The death of Masemola bore all the hallmarks of an assassination.

It has come to light that during these secret negotiations between Mandela and former apartheid government leader FW de Klerk, there were MI6 and CIA agents acting as facilitators.

Furthermore, MI6 had its presence in ANC camps during the ANC’s time in exile and that currently MI6 has a big office in South Africa.

Two books “MI6: Fifty Years of Special Operations” by Stephen Dorril and “The Big Breach” by former MI6 officer Richard Tomlinson reveal that Mandela was an MI6 agent which protected him from assassination attempts.

In the early 1990s after visiting several Western capitals, Mandela said African people had unrealistic expectations and that the fears of white people were legitimate.

This prompted my Kenyan friend Kiome Irungu to say “they have given Mandela the last supper”.

Mandela also relaxed exchange controls so that big companies such as Anglo American and De Beers could move their money out of the country and listed in stock exchanges of Britain and other Western capitals.

In a book published in 2012 titled “Lost in Transformation”, Professor Sampie Terreblanche reveals “manoeuvres and backroom strategies concocted by American and British companies with a presence in South Africa, in collaboration with the country’s Mineral Energy Complex (MEC) to circumvent the ANC’s future policies”.
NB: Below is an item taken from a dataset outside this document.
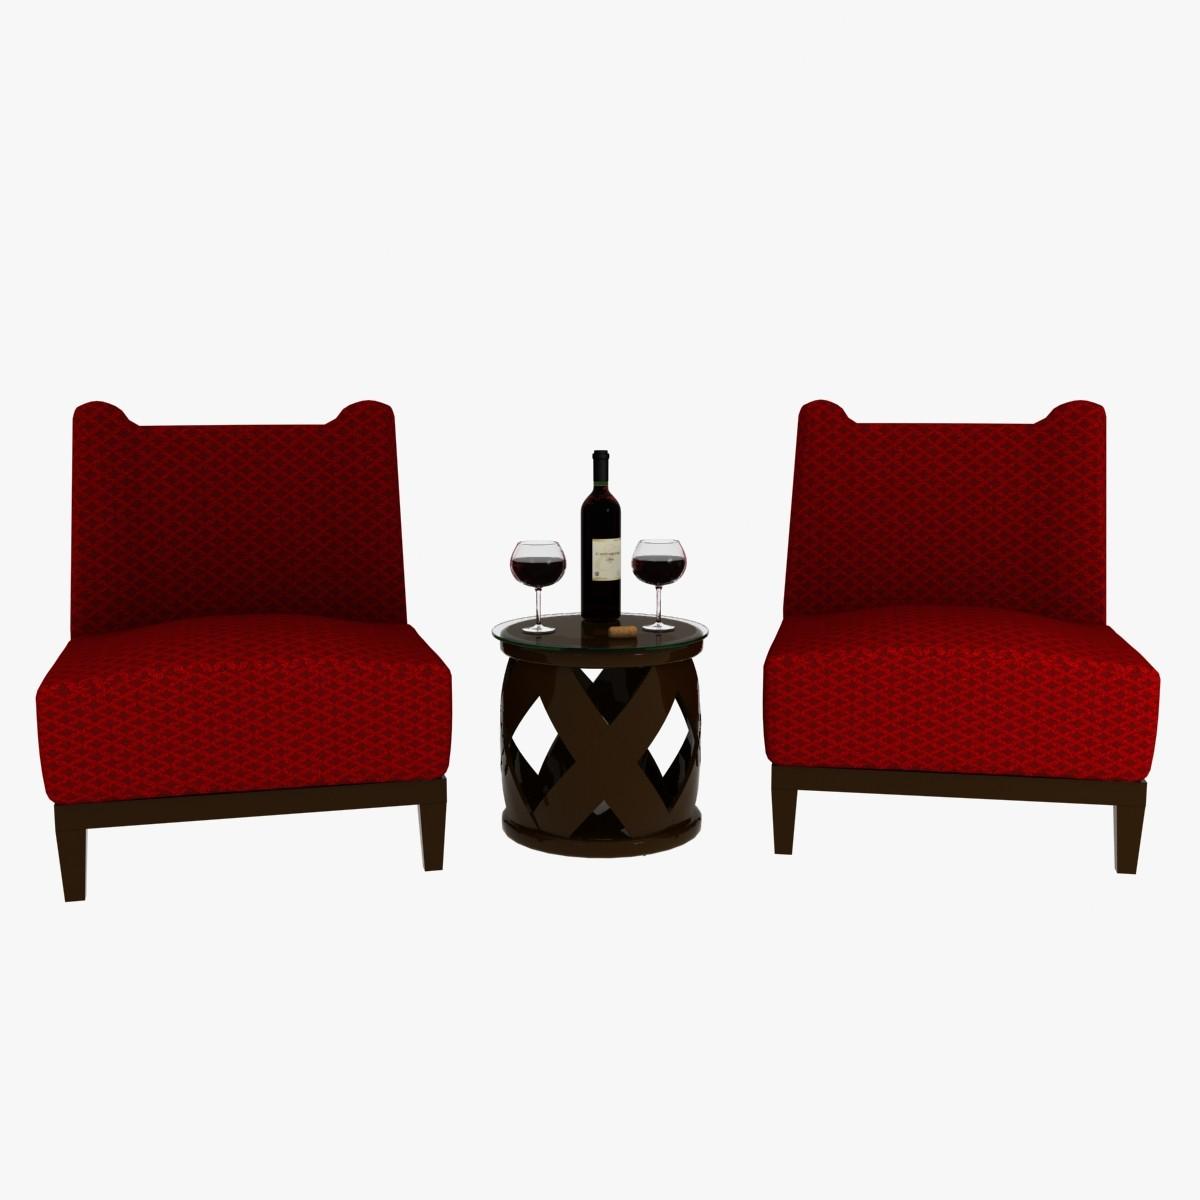 Contemporary_Chair_Model_Camera01_Thumbnail_29_SI_1200.JPG

He exposes secret negotiations and deal-making which occurred behind the scenes which we in the PAC spoke about from the mid-1980s and earlier when PAC political prisoners like Masemola observed Mandela being picked up from Robben Island and brought back late in the evening or sometimes the following day.

When this raised eyebrows and was exposed, Mandela was removed from Robben Island in 1981 permanently.

Terreblanche reveals that from 1990, Nelson Mandela and Harry Oppenheimer, who owned most of South African mines, met regularly for lunch or dinner and from early in the 1990s the MEC met regularly with a leadership core of the ANC at Little Brenthurst, Oppeinheimer’s estate.

When other corporate leaders joined the secret negotiations on the future of the economic policy of South Africa, the meetings were shifted to the Development Bank of Southern Africa and took place during the night.

Threats were also made that the US had the ability to disrupt South Africa’s economy should the ANC not toe the line.

What should the native South African do? What should his government do?

The native must remove the corrupt ANC government from the levers of power.

The ANC rigs elections with the complicity of Western powers.

They began by rigging the first elections in 1994 because there was no voters’ roll. ANC leaders knew that they were throwing the African people headlong in a precipice. The education system is in shambles.

There is no decolonisation programme that’s taking place. Instead they expend their energies in preaching reconciliation.

There can be no reconciliation without justice and reparations for the crimes of colonialism and apartheid.

  • Sam Ditshego is a Fellow at the Pan Africanist Research Institute.